● **WORK INSTRUCTIONS**
Write out again only the lines running from the one that contains "Der Eingang zum" to the end of the records below, including both the first and the last.

● **EXERCISE INPUT**
━━━

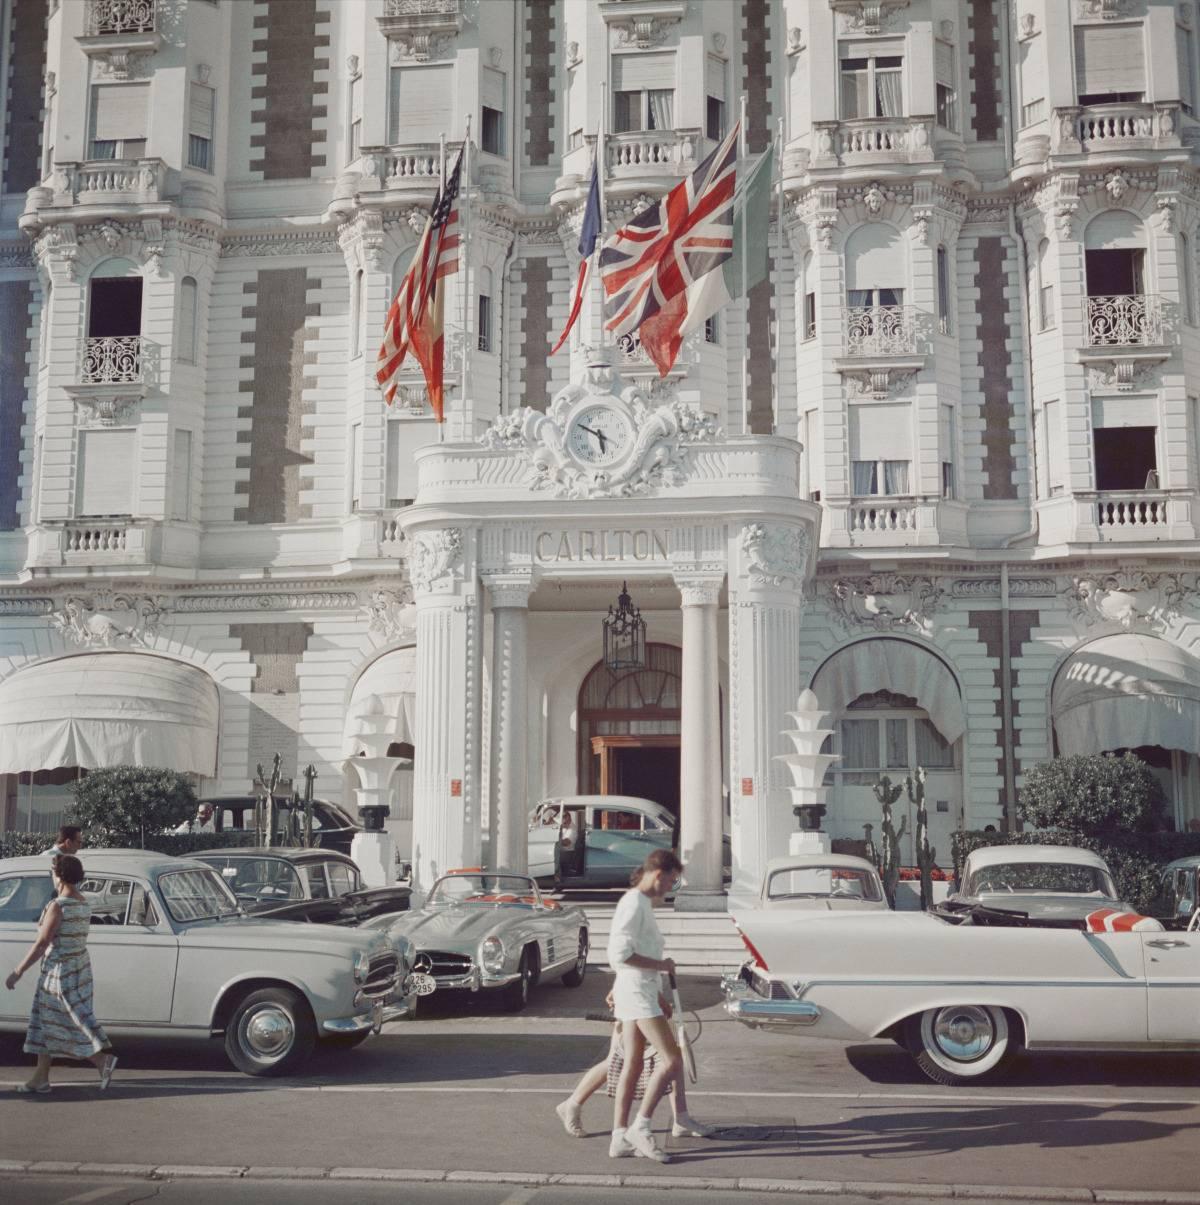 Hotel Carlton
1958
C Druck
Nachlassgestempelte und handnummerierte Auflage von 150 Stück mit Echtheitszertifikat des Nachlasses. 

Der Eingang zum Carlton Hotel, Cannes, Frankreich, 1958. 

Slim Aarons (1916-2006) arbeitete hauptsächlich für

━━━

● **SOLUTION TO THIS EXERCISE**
Der Eingang zum Carlton Hotel, Cannes, Frankreich, 1958. 

Slim Aarons (1916-2006) arbeitete hauptsächlich für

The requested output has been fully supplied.